[RECORD EXCERPTS]

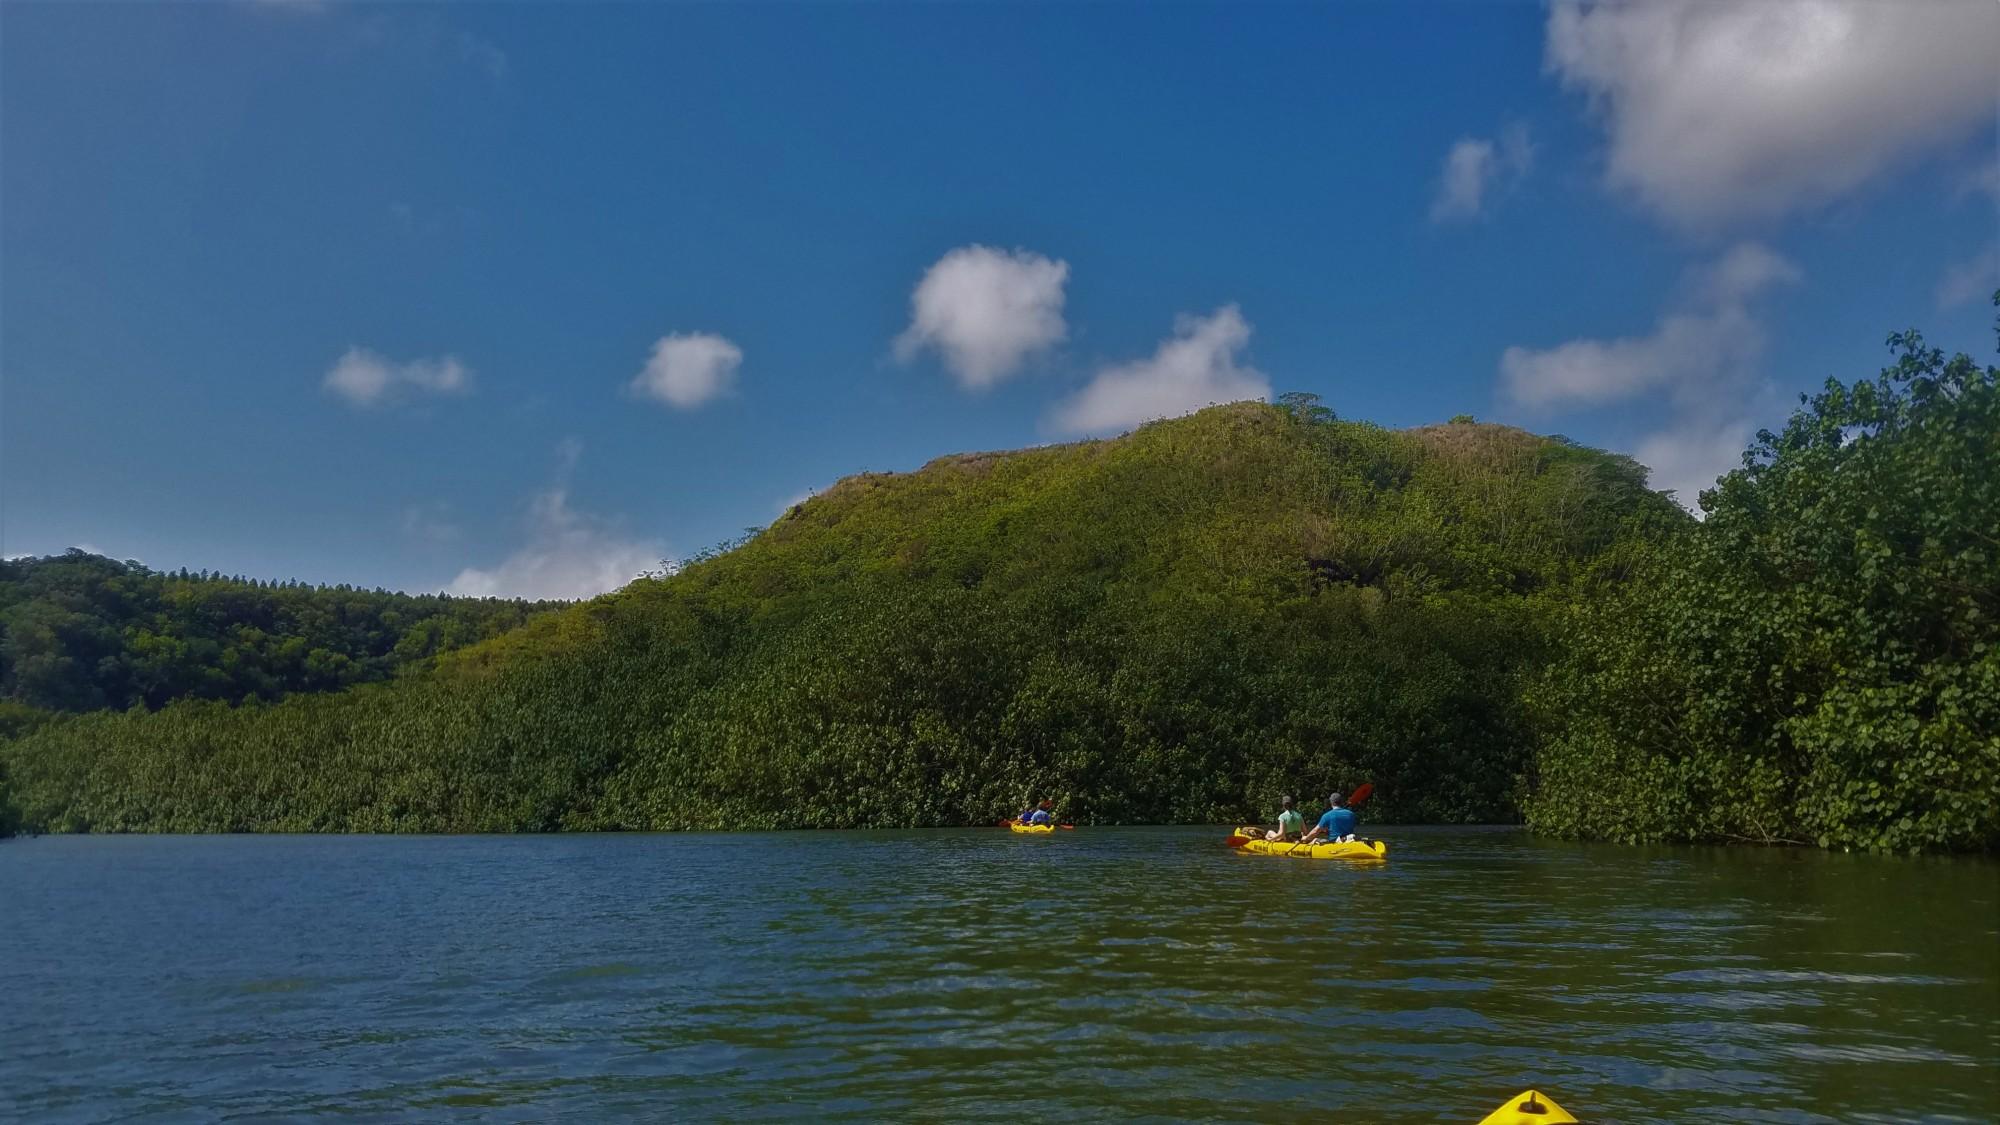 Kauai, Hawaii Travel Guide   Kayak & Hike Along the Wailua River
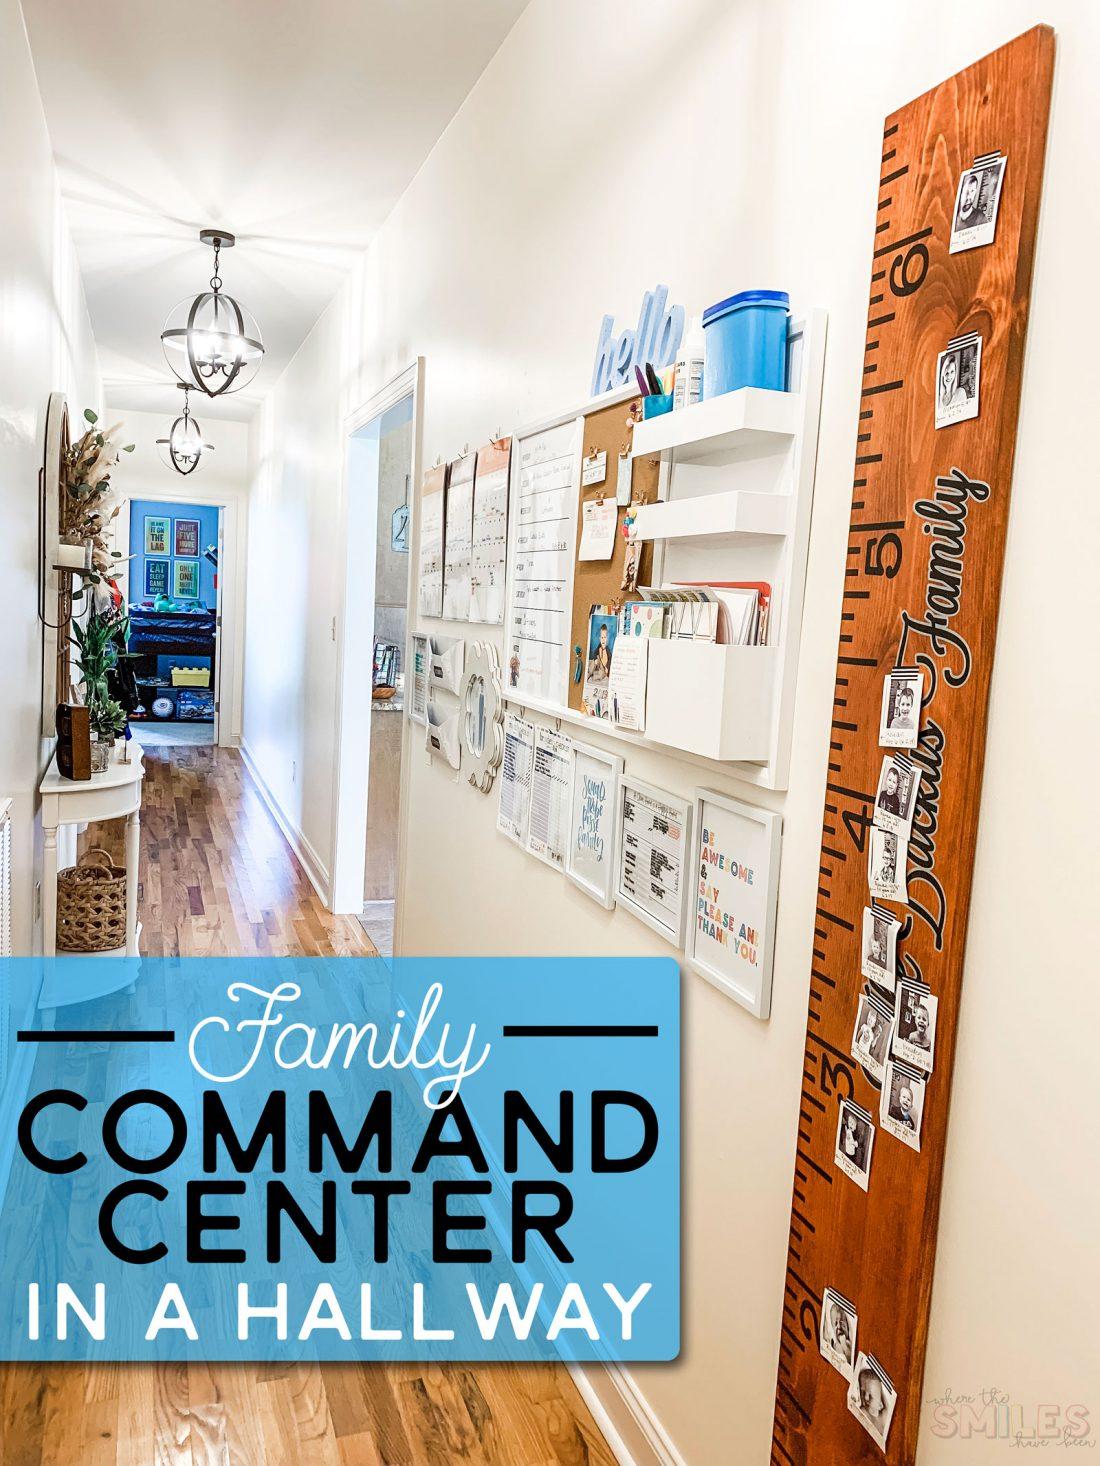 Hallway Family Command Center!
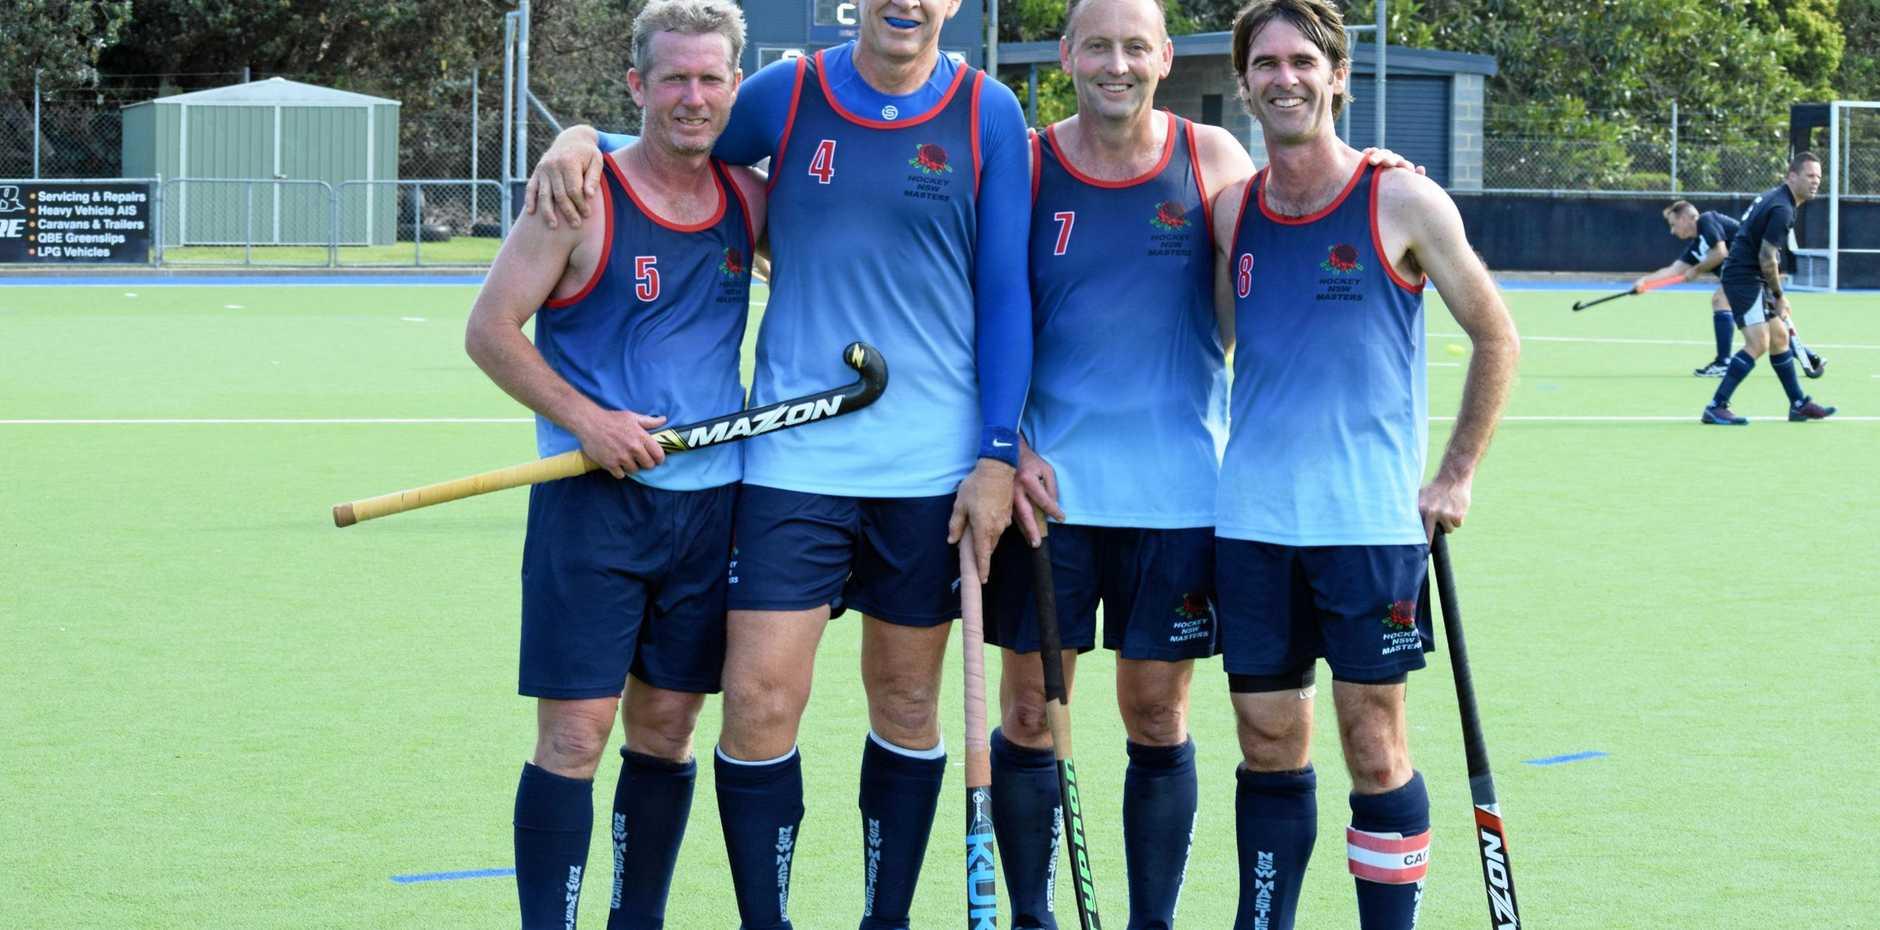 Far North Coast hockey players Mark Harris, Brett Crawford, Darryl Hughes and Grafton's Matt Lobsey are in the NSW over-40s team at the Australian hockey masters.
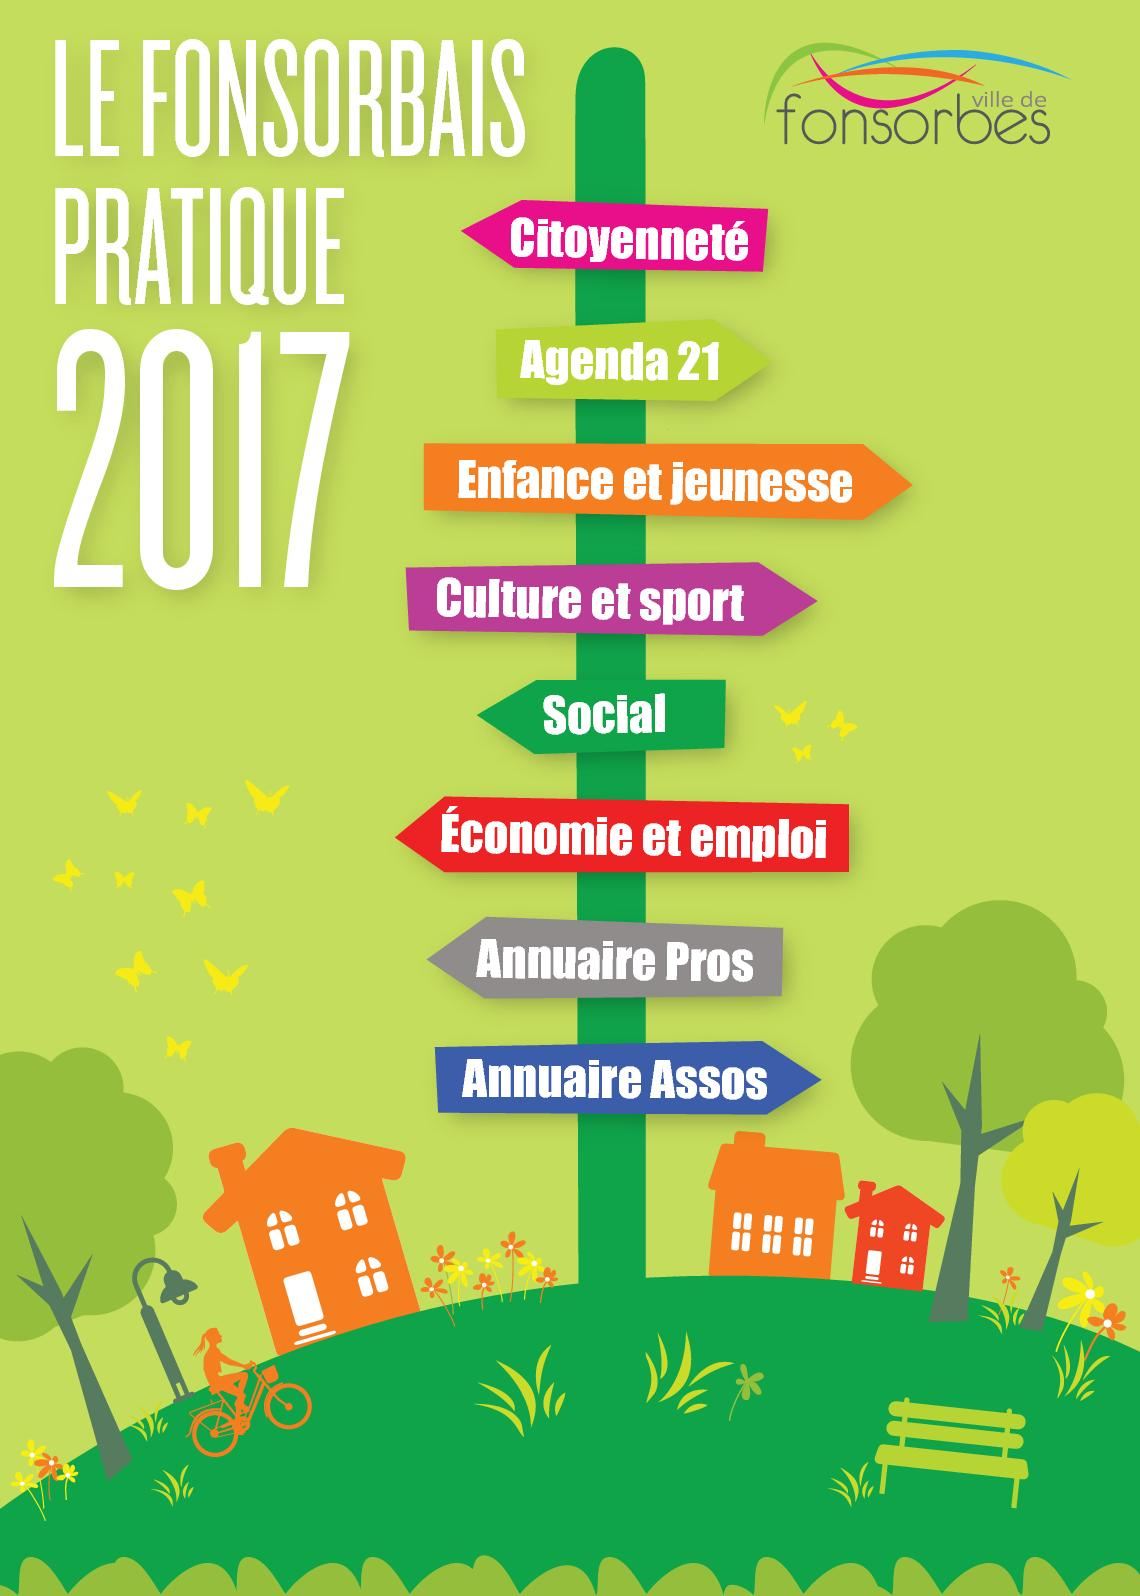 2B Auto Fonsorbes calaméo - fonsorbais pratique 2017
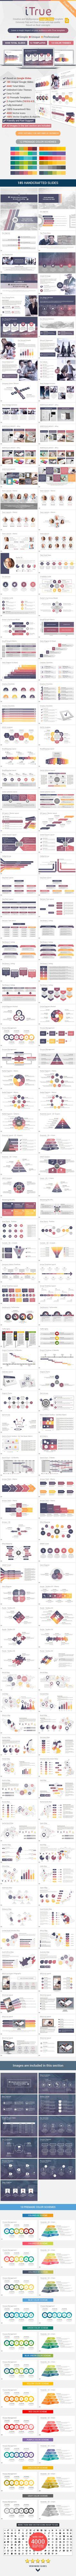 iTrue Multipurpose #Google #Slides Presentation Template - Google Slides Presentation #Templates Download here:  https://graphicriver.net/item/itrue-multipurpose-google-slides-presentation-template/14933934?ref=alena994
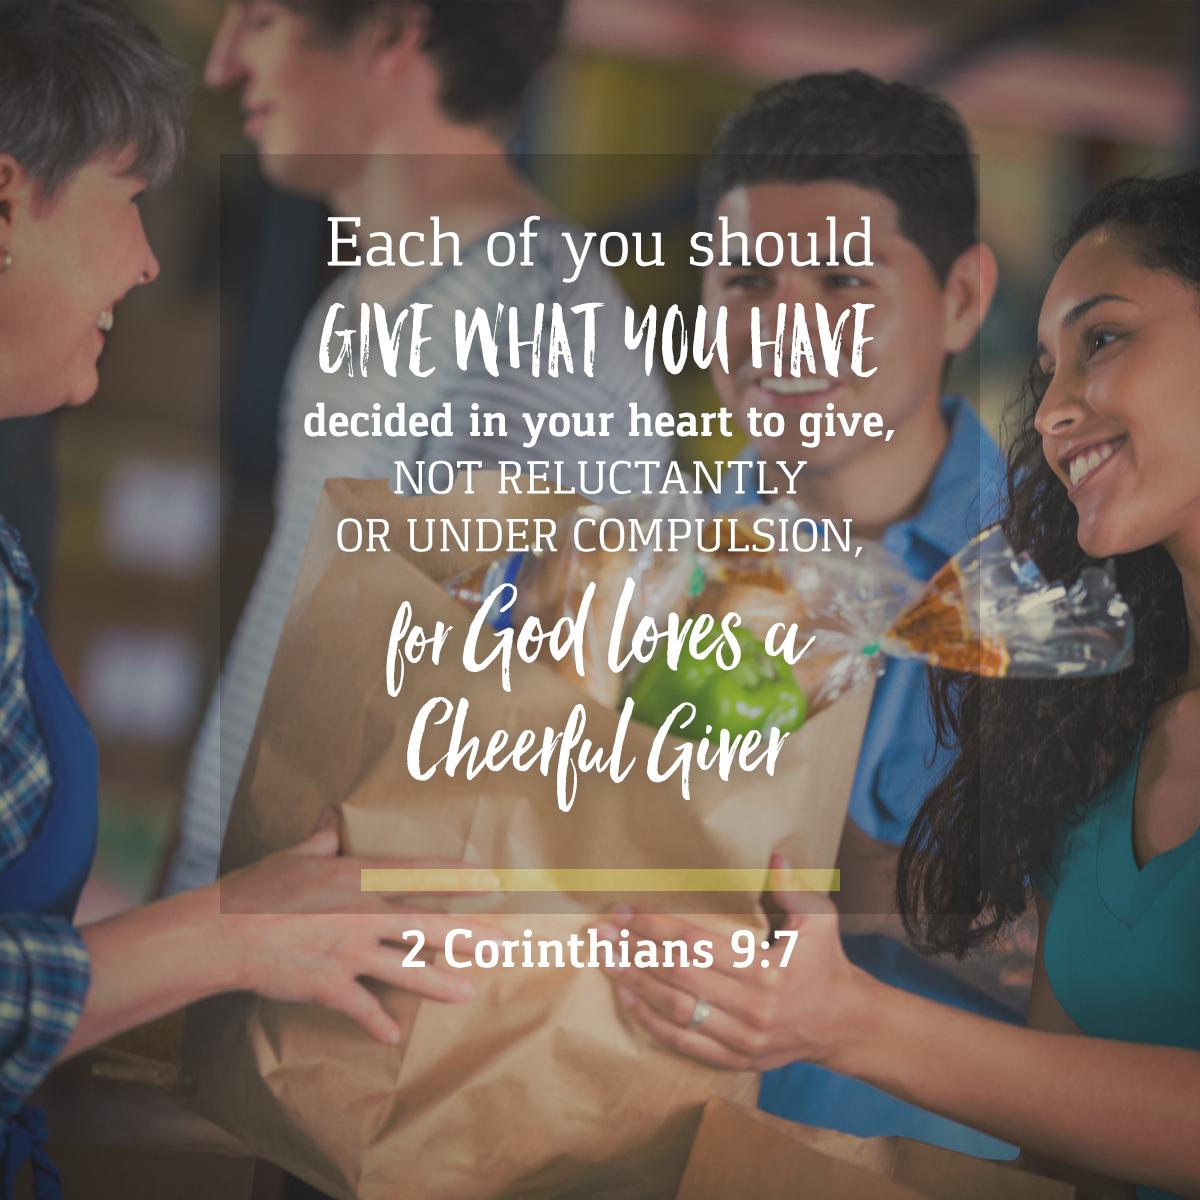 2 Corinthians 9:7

[/RECORD EXCERPTS]

_ACTIVITY_
Nothing but the lines from the one containing "Hallway Family Command Center!" through the final line of the records, both included and copied exactly, should appear in the answer; pictures stay out.

_ANSWER BOX_
 Hallway Family Command Center!
 Far North Coast hockey players Mark Harris, Brett Crawford, Darryl Hughes and Grafton's Matt Lobsey are in the NSW over-40s team at the Australian hockey masters.
 2B Auto Fonsorbes calaméo - fonsorbais pratique 2017
 iTrue Multipurpose #Google #Slides Presentation Template - Google Slides Presentation #Templates Download here:  https://graphicriver.net/item/itrue-multipurpose-google-slides-presentation-template/14933934?ref=alena994
 2 Corinthians 9:7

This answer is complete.